3.8 MCDA model integrating predictions and preferences

The MCDA model integrates expert predictions with stakeholder preferences and calculates the total value of each FEWS configuration (alternatives; Eisenführ et al., 2010). A finite set of FEWS alternatives $A=\left\{a,b,\mathrm{\dots }\right\}$ is evaluated regarding the predicted outcomes of every objective or attribute. We denote predicted outcomes (Sect. 3.6) as $x_a=(x_{a,\mathrm{1}},\mathrm{\dots },x_{a,n})$, with x_a,i the level of an attribute i that measures a predicted consequence of FEWS a (or b, c, etc.). The total value v(x_a) of FEWS a is calculated with a multi-attribute value function, $v(x_{a,\mathrm{1}},\mathrm{\dots },x_{a,n},\mathrm{\Theta })$. The resulting total value v(x_a) of each FEWS is between 0 (all objectives achieve the worst level) and 1 (all objectives achieve the best level given the attribute ranges). A rational decision maker chooses the FEWS with the highest value. Commonly, an additive model is used:

$$\begin{array}{}\text{(1)}& v(x_{\mathrm{1}},x_{\mathrm{2}},\mathrm{\dots },x_n,\mathrm{\Theta })={\sum }_{i=\mathrm{1}}^n{w}_i\cdot v_i(x_i,\mathit{\theta }),\end{array}$$

with parameters $\mathrm{\Theta }=(w_{\mathrm{1}},\mathrm{\dots },w_n,\mathit{\theta })$, where w_i is the weight of attribute i, with $\mathrm{0}\le w_i\le \mathrm{1}$, and

$$\begin{array}{}\text{(2)}& {\sum }_{i=\mathrm{1}}^n{w}_i=\mathrm{1},\end{array}$$

and where v_i(x_i,θ) is the value for the predicted consequence x_i of attribute i of FEWS a. This value is inferred with the help of the marginal value function (Sect. 3.7).

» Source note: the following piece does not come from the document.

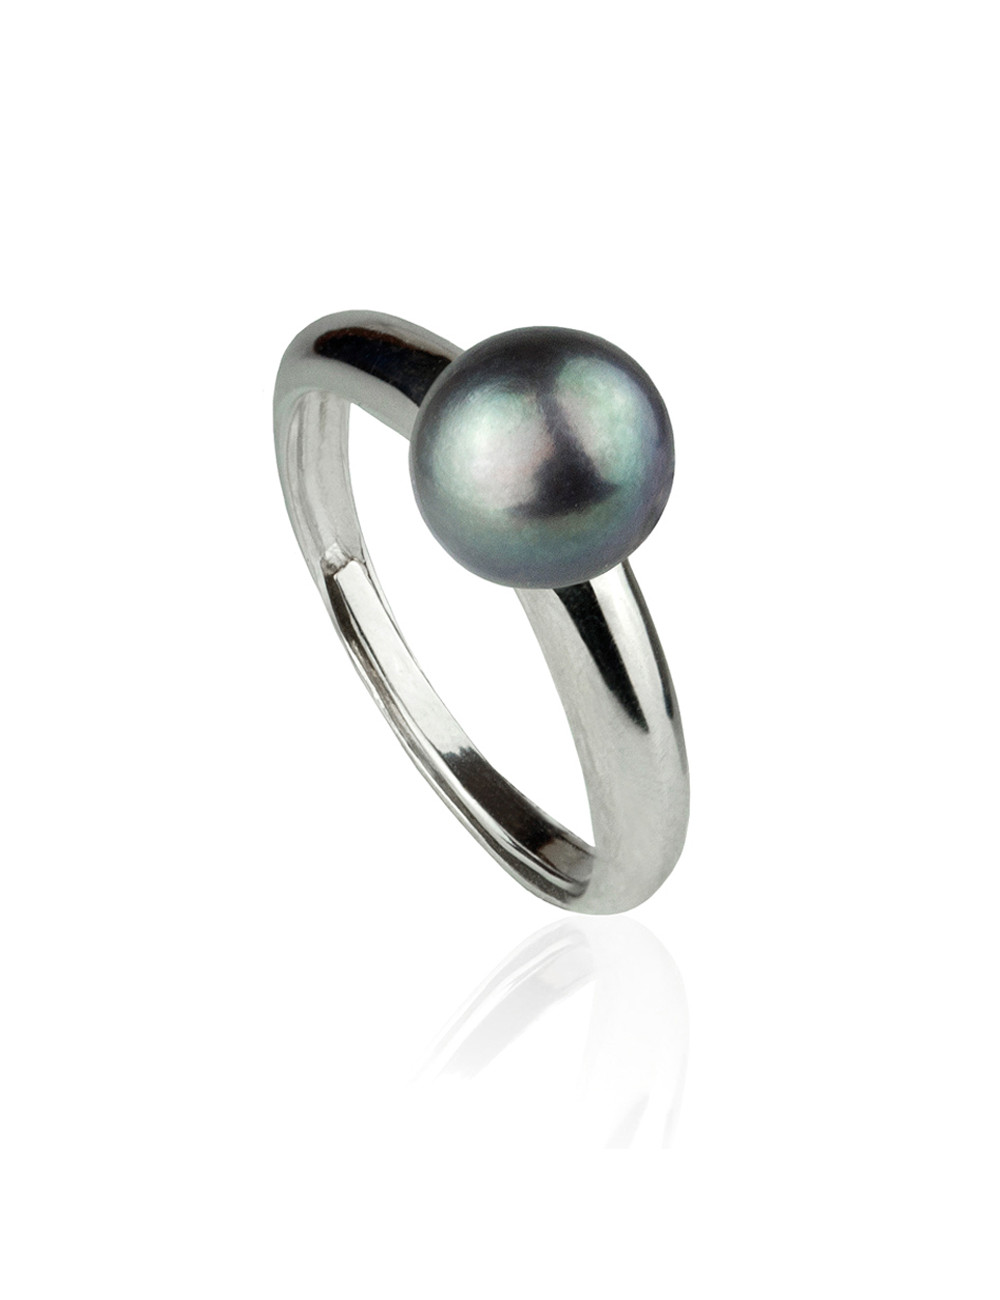 Srebrny, prosty pierścionek z 3/4 okrągłą, ciemną perłą R7080RS

While easy to understand, the additive model entails strong assumptions, e.g., that objectives are preferentially independent (Eisenführ et al., 2010). Increasing evidence indicates that many stakeholders do not agree with model implications (Haag et al., 2019a; Reichert et al., 2019; Zheng et al., 2016). Additive aggregation implies that good performance on one objective can fully compensate for poor performance on another. In the FANFAR weight elicitation sessions, we asked stakeholders, using some examples, whether they agree with objectives being preferentially independent and as a consequence with the full compensatory effect. In all five groups this was not the case. We therefore used a non-additive model with less strict requirements, the weighted power mean with an additional parameter γ that determines the degree of non-compensation:

$$\begin{array}{}\text{(3)}& v(x_{\mathrm{1}},x_{\mathrm{2}},\mathrm{\dots },x_n,\mathrm{\Theta })={\left({\sum }_{i=\mathrm{1}}^n{w}_i\cdot v_i(x_i,\mathit{\theta }{)}^{\mathit{\gamma }}\right)}^{\mathrm{1}/\mathit{\gamma }}.\end{array}$$

If γ=1, we are back to the additive model in Eq. (1). We used γ=0.2, based on stakeholder input (Sect. 3.7), close to a weighted geometric mean (γ→0). We visualize implications of the power mean in Sect. S1.3 in the Supplement (for details, see Haag et al., 2019b).

We calculated MCDA results in our new open-source software ValueDecisions (Haag et al., 2022), based on R (R Core Team, 2018), with earlier R scripts developed in our group (e.g., Haag et al., 2019b) and the R “utility” package (Reichert et al., 2013). We rendered R scripts as a web application for ValueDecisions with the “shiny” package (Shiny, 2020). We used R for additional analyses: aggregating uncertainty of sub-attributes, weight visualization, and statistical analysis of sensitivity analyses.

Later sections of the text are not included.